> [Task inputs]
────

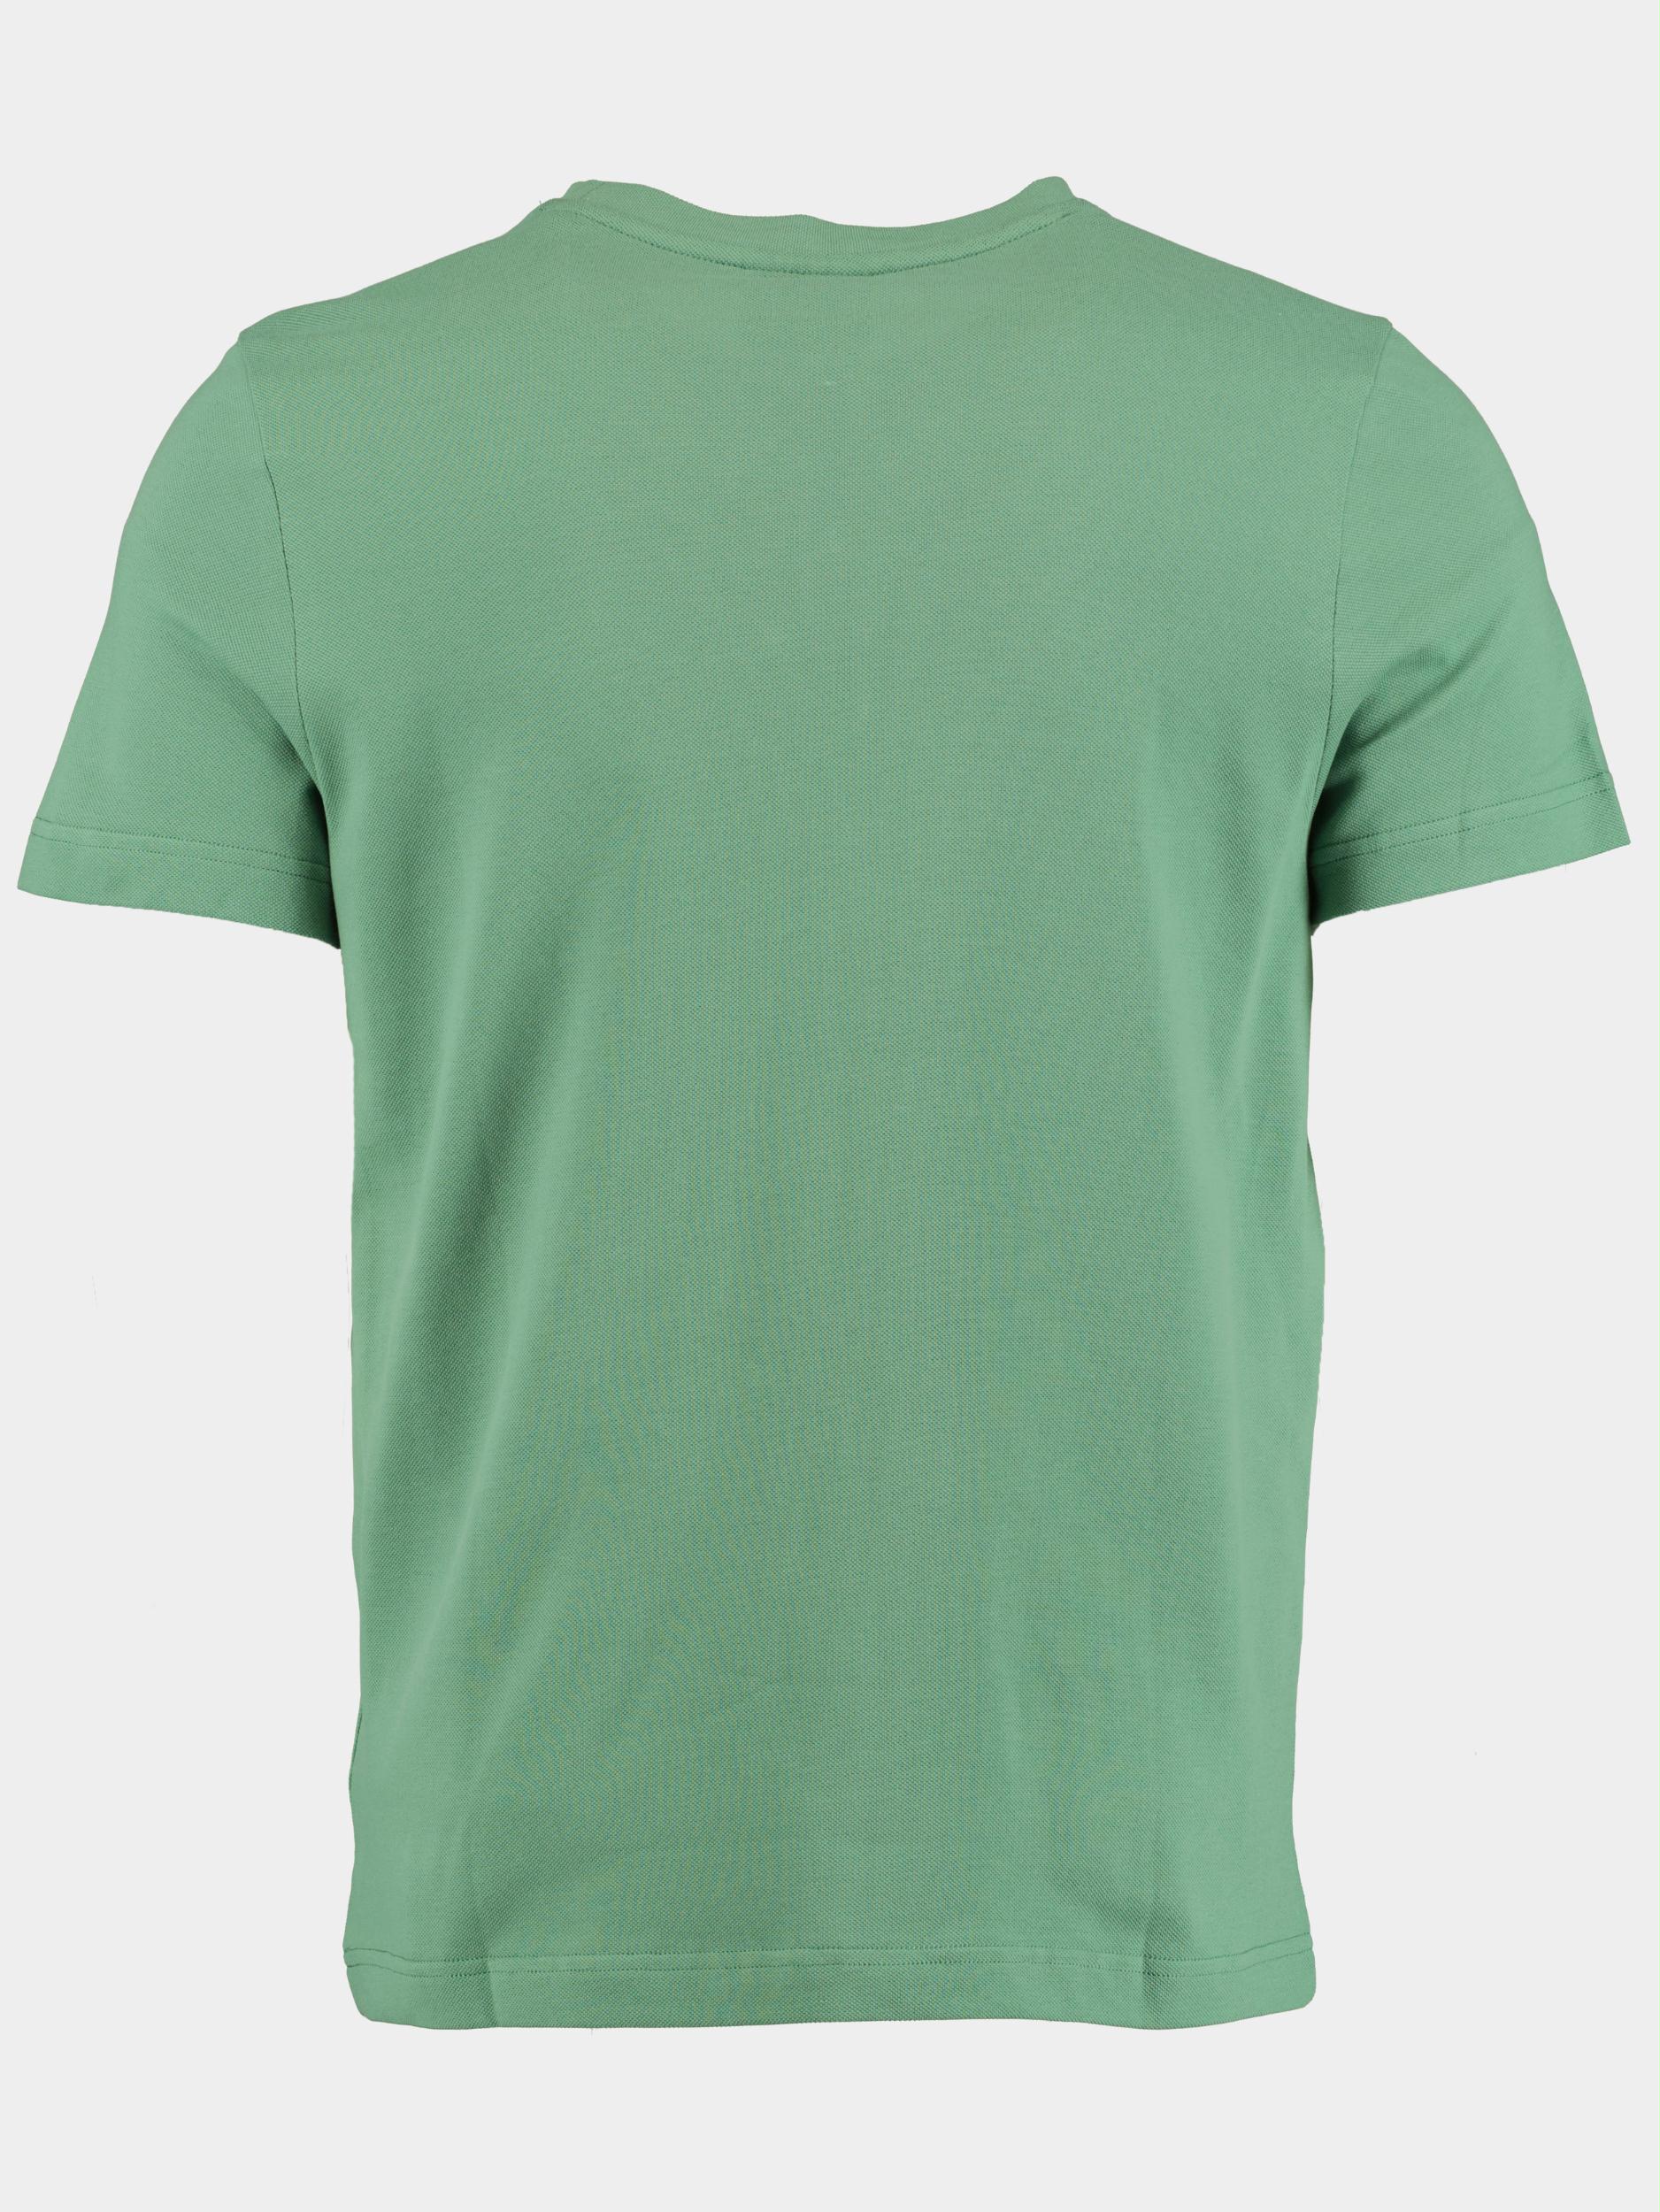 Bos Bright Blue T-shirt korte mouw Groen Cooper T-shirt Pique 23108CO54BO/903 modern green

────

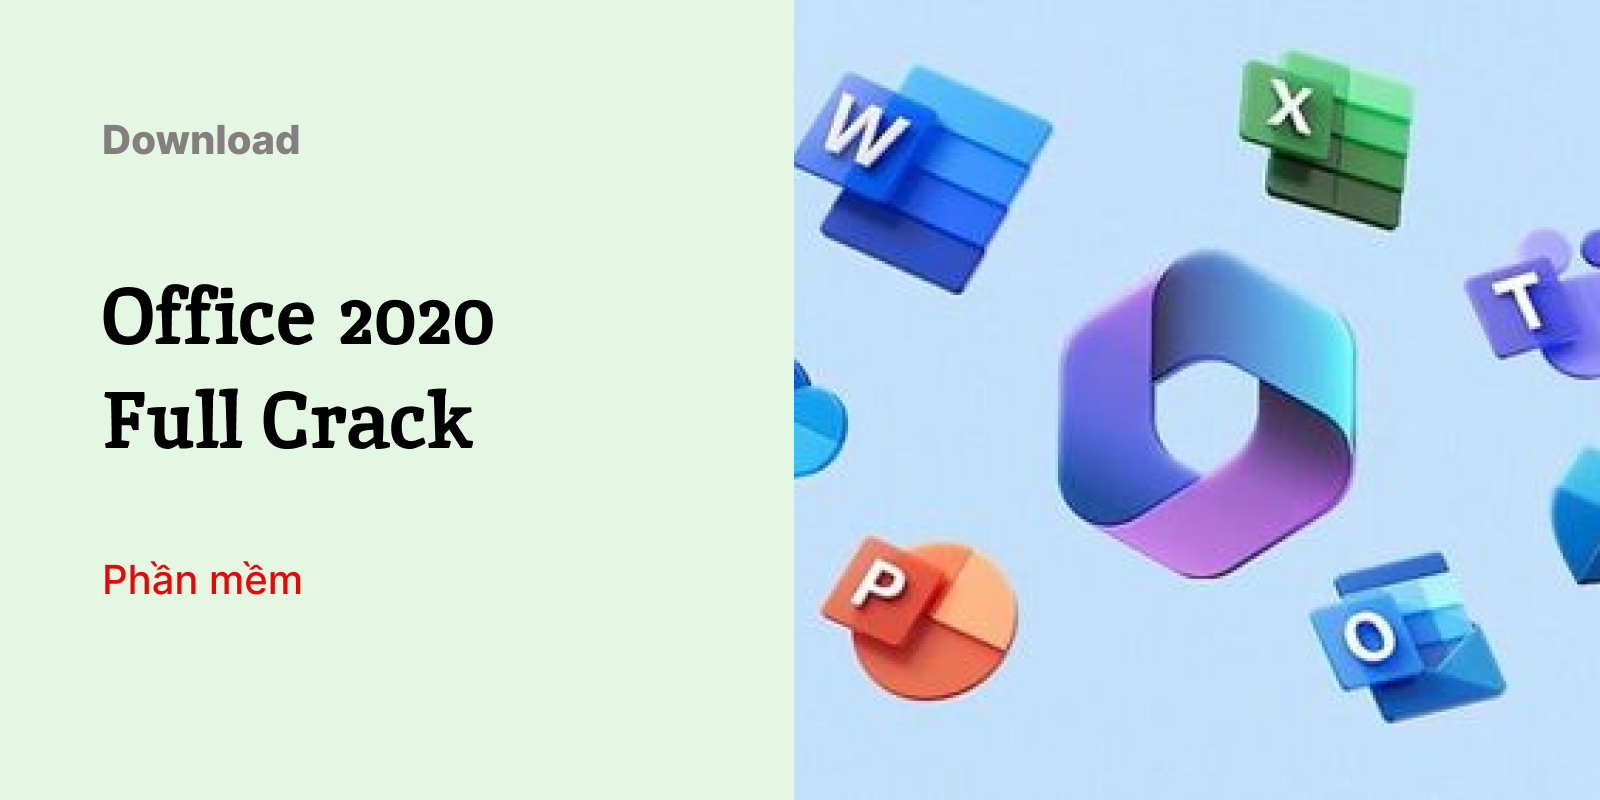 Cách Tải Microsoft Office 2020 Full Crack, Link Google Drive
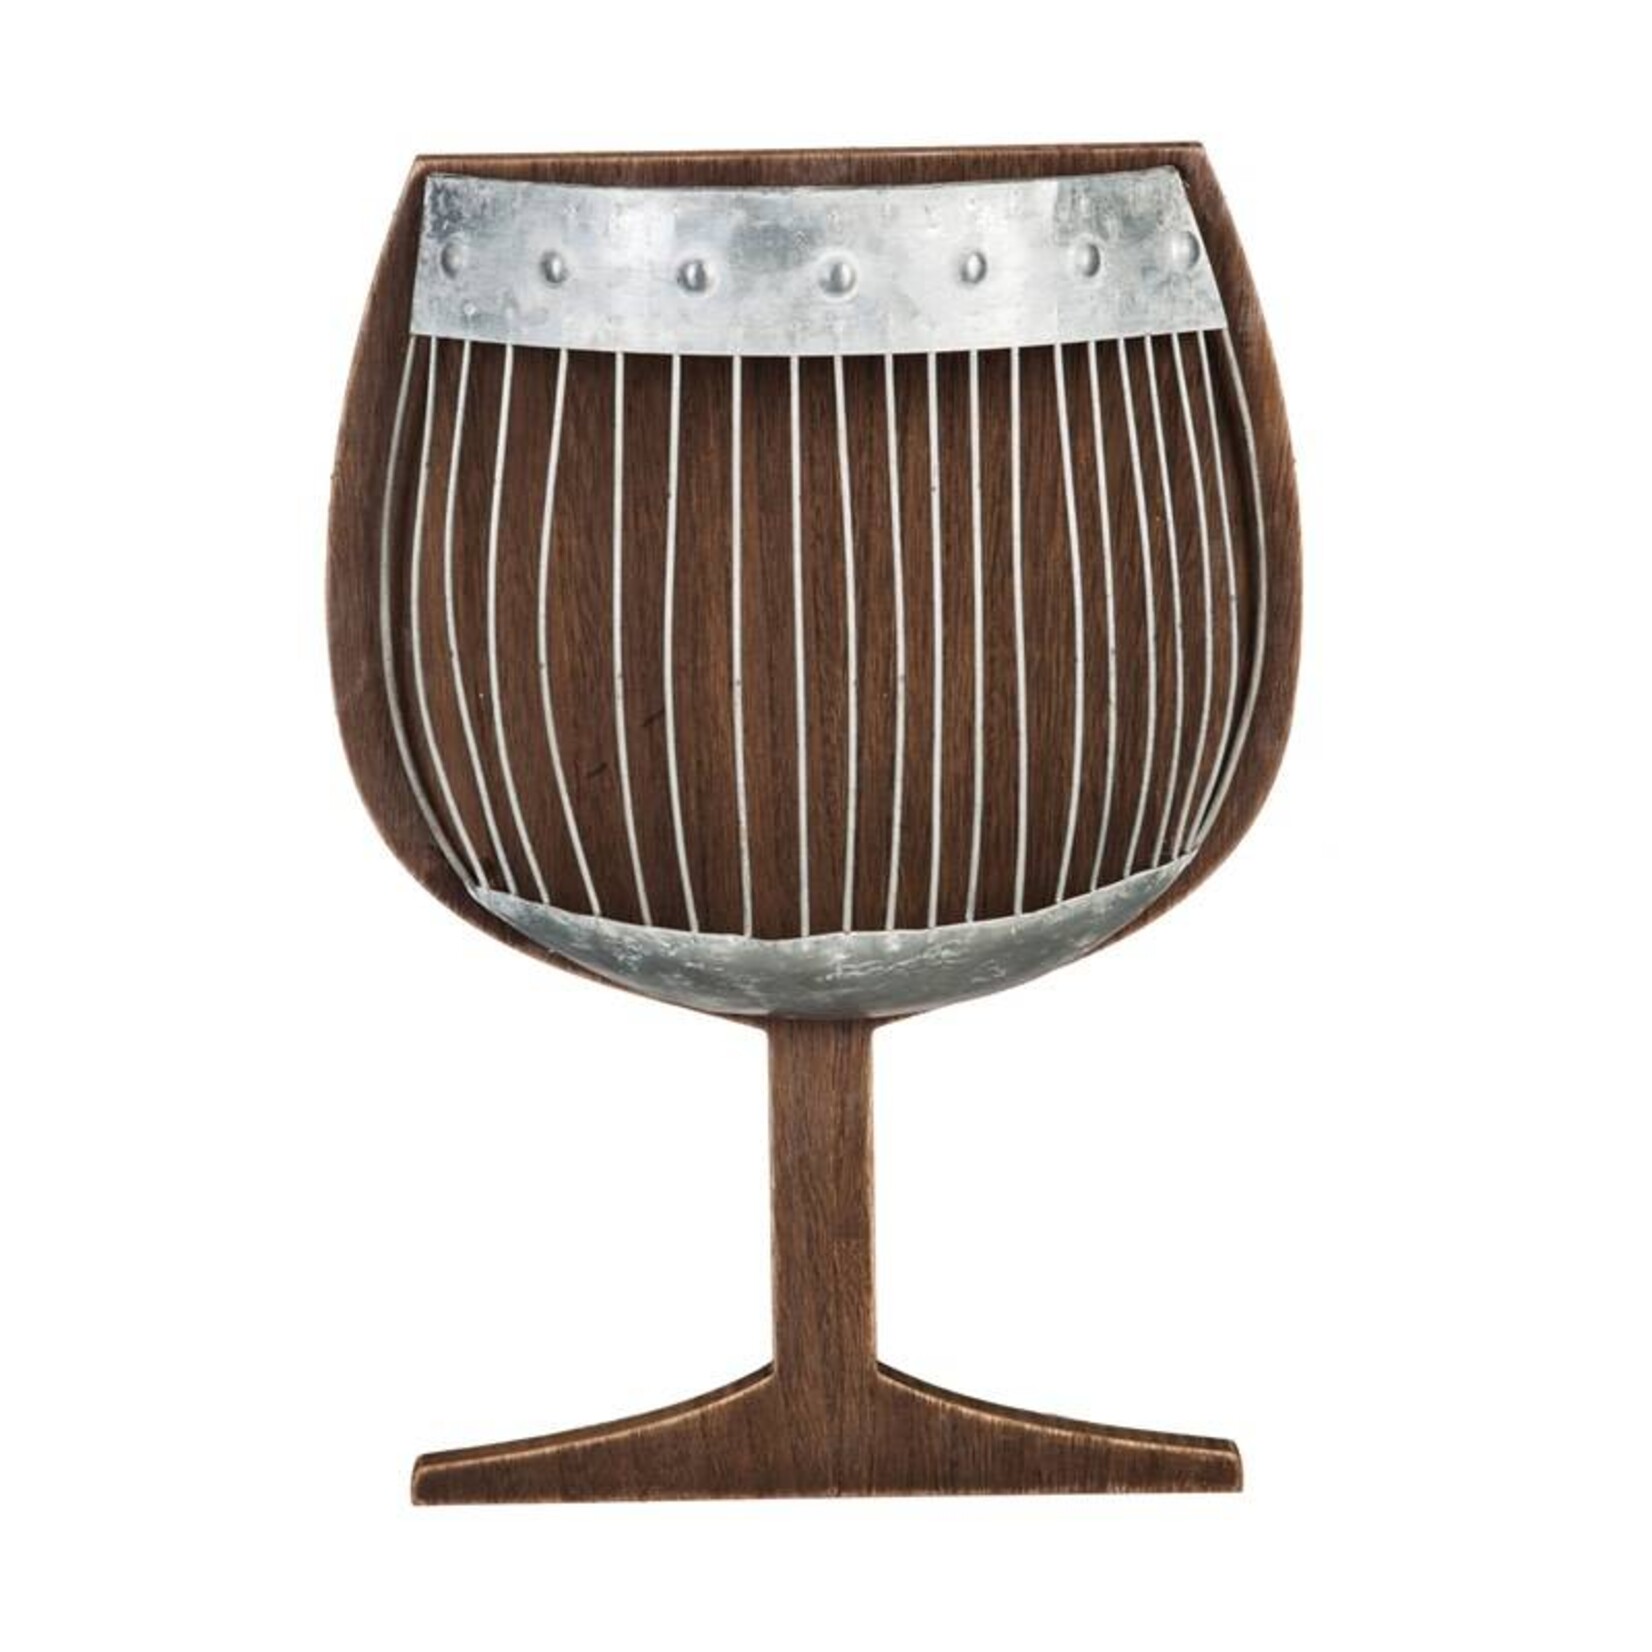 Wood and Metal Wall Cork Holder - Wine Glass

────

> [What this task involves] Copy only what lies between the line with "Cách Tải Microsoft" and the line with "Wood and Metal Wall Cork Holder - Wine Glass", those two lines included, exactly as given above; pictures stay out.

> [Response to this exercise]
 Cách Tải Microsoft Office 2020 Full Crack, Link Google Drive
 Wood and Metal Wall Cork Holder - Wine Glass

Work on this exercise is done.